Question

How do you solve `x^2+4x=285`?

Answer 1

15, - 19

Explanation:

Solving by the new Transforming Method (Google, Socratic Search).
`y = x^2 + 4x - 285 = 0`.
Find 2 real roots, with opposite signs (ac < 0), knowing sum (-b = -4) and product (-285).
Compose factor pairs of (-285) --> (5, - 57)(15, - 19). This last sum is
(15 - 19 = - 4 = - b).
The 2 real roots are: 15 and - 19.
Using AC Method.
Find 2 numbers, knowing sum (b = 4) and product (-285).
They are: (19, - 15) --> sum = 4 and product = -285
Split the term 4x into 19x and - 15 x
Factor by grouping:
x(x + 19) - 15(x + 19) = (x + 19)(x - 15) = 0
Solving binomials:
x + 19 = 0 --> x = - 19
x - 15 = 0 --> x = 15

Answer 2

Here's a simpler way to solve: by completing the square.
(Also the answer is `x = -15` and `x = 19`)

Explanation:

To solve by completing the square we first have to realize that `x^2 +4x = 285` is the same as `x^2 +4x - 285 = 0`. Look familiar? That's because it is.

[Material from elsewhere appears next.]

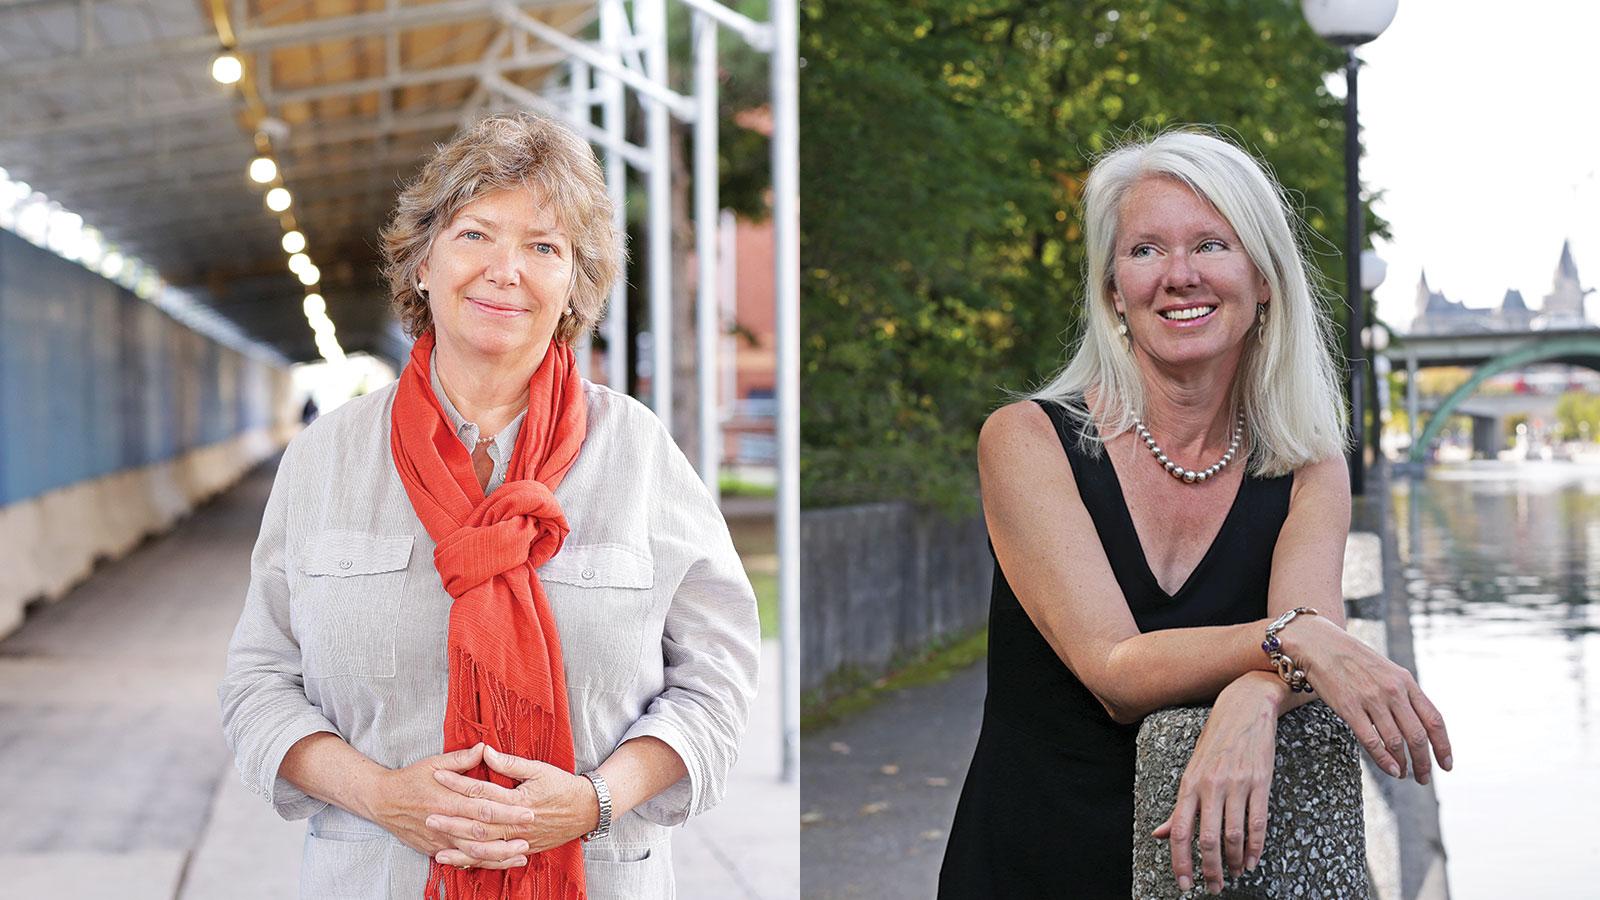 Katherine Lippel and Lori Beaman
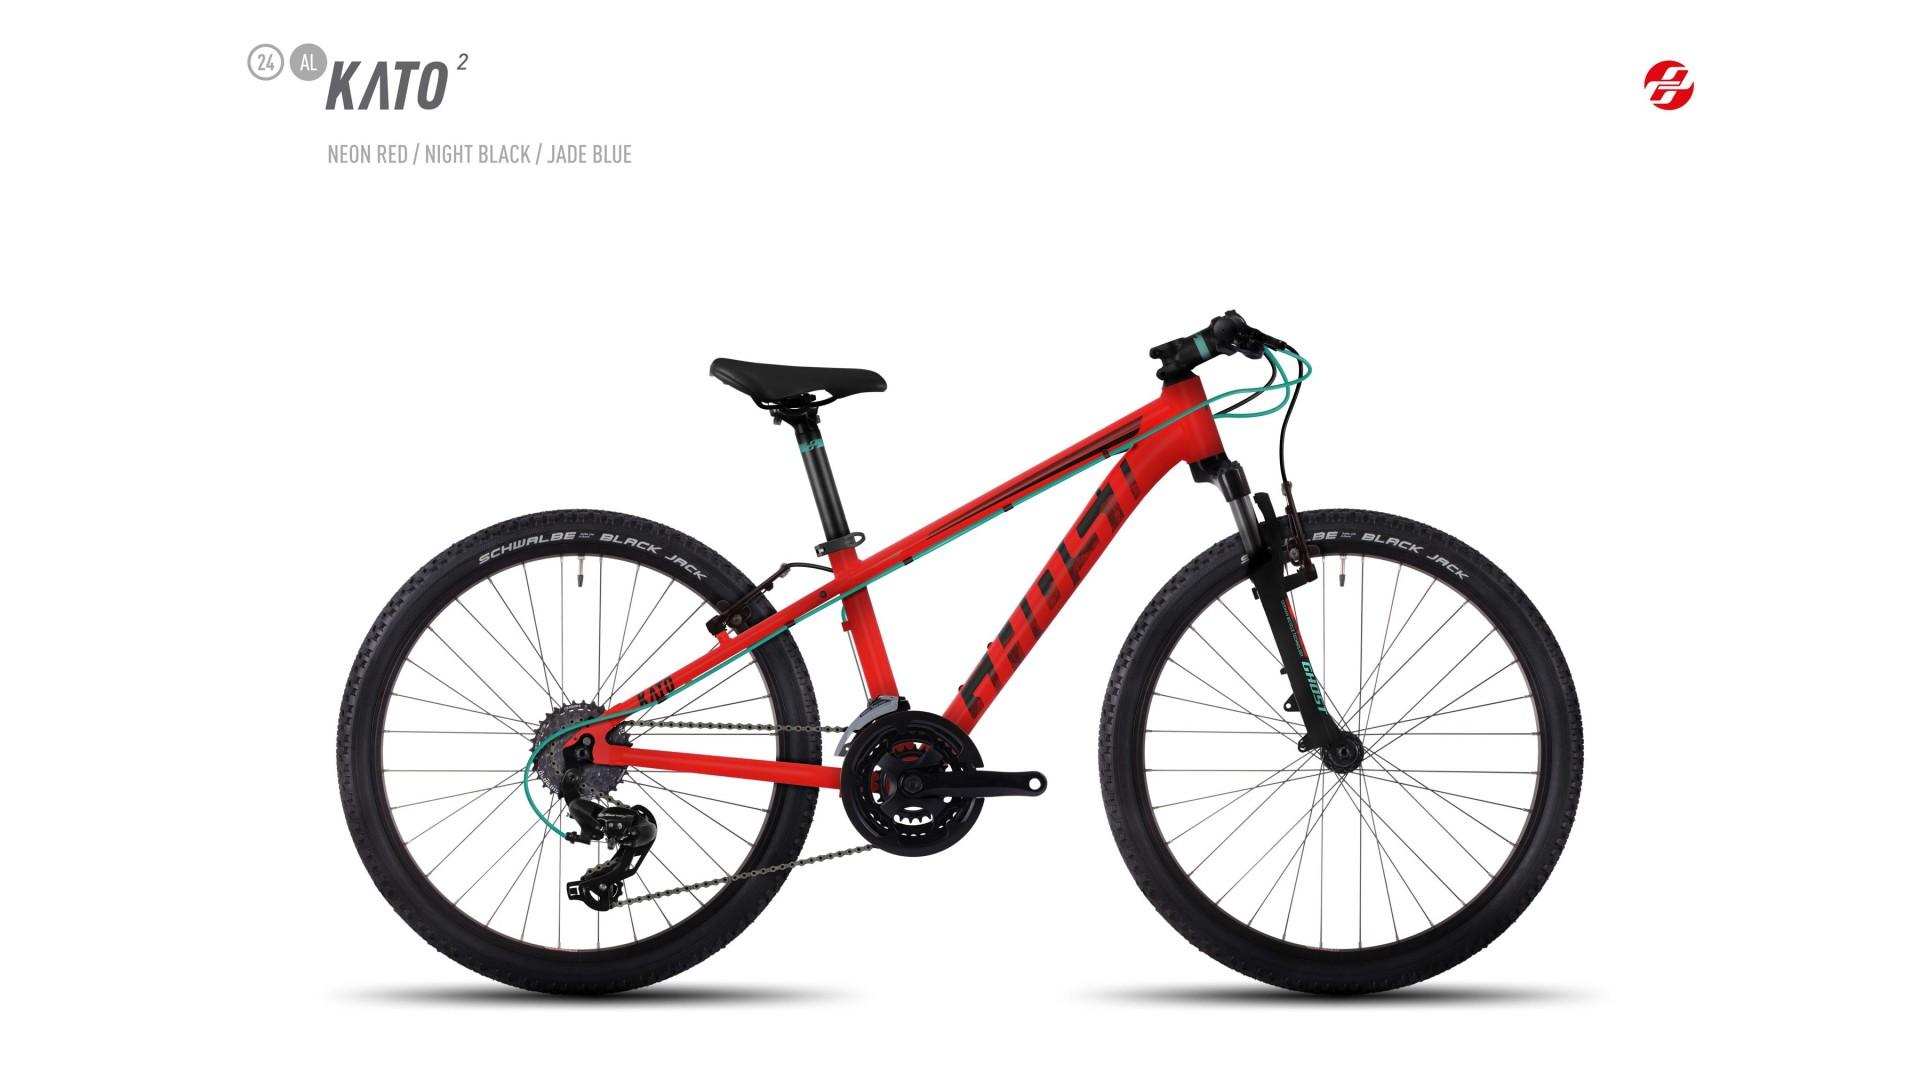 Велосипед GHOST Kato 2 AL 24 neonred/nightblack/jadeblue год 2017

1.) The first step in completing the square is to move `c` to the other side of the equation (which was already done for us above).

2.) Now that we have the equation `x^2 + 4x = 285`, we are going to try and turn the left side of the equation into a perfect square trinomial so that we can factor it (why we are doing this will be obvious later). In order to turn the left side of the equation into a perfect square trinomial, we are going to divide `b` by `2`, square the result, and add it to both sides.

`4/2 = (2) ^2 = 4` Now add `4` to both sides to make sure the equation stays balanced.

`x^2 + 4x + 4 = 289`

3.) Does anything about the left side of the equation catch your eye? It should because the left side is now a perfect square trinomial, and can be factored, and when you factor it, you are left with the equation `(x+2)^2 = 289`. Now we can finally solve for `x`!

4.) Take the square root of both sides of the equation to isolate `(x+2)` and you are left with `x+2 = +-17`

5.) Because there is a `+-17`, you have to solve for `x` twice:

`x-2 = 17`
`x-2 = -17`

6.) By solving for `x`, you now see that `x = 19` & `x= -15`

Hope this helps!